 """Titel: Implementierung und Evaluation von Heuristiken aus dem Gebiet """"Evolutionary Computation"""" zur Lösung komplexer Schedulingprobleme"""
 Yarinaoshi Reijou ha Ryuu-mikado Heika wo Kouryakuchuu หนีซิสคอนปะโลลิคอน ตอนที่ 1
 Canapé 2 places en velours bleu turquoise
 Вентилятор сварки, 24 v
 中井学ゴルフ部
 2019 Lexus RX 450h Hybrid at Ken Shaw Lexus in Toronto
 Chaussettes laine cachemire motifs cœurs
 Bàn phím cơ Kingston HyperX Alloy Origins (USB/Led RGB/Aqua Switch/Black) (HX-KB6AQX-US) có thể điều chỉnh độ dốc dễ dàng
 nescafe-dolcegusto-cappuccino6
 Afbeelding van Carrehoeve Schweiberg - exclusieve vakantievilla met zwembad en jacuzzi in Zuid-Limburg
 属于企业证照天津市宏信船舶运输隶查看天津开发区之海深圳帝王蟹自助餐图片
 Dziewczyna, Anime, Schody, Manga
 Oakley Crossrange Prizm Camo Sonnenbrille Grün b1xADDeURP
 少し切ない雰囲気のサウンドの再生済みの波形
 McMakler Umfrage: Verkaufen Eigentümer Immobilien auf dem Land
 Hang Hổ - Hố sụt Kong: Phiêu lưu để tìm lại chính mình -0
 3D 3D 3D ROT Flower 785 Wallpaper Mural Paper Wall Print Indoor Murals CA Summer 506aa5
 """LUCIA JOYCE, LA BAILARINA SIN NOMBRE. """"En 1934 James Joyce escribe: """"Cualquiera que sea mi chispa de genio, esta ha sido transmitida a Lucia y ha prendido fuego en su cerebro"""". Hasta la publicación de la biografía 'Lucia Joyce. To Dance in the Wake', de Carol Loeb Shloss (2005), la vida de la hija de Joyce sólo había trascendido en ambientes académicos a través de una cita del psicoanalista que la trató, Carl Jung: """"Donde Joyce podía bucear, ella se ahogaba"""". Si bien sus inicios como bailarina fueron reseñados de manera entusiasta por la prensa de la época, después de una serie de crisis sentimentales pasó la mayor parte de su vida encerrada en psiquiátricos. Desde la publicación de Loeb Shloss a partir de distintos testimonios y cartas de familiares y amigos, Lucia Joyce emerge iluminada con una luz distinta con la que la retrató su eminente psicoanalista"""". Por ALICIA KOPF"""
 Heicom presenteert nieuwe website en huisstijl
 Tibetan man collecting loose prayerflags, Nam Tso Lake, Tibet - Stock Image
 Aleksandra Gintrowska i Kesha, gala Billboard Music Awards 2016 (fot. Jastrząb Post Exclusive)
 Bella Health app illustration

········

What to do: Please return only the lines above, starting at the line that has "Вентилятор сварки, 24 v" and ending at the line that has "Oakley Crossrange Prizm", keeping both and leaving each one unchanged.

Written answer:
 Вентилятор сварки, 24 v
 中井学ゴルフ部
 2019 Lexus RX 450h Hybrid at Ken Shaw Lexus in Toronto
 Chaussettes laine cachemire motifs cœurs
 Bàn phím cơ Kingston HyperX Alloy Origins (USB/Led RGB/Aqua Switch/Black) (HX-KB6AQX-US) có thể điều chỉnh độ dốc dễ dàng
 nescafe-dolcegusto-cappuccino6
 Afbeelding van Carrehoeve Schweiberg - exclusieve vakantievilla met zwembad en jacuzzi in Zuid-Limburg
 属于企业证照天津市宏信船舶运输隶查看天津开发区之海深圳帝王蟹自助餐图片
 Dziewczyna, Anime, Schody, Manga
 Oakley Crossrange Prizm Camo Sonnenbrille Grün b1xADDeURP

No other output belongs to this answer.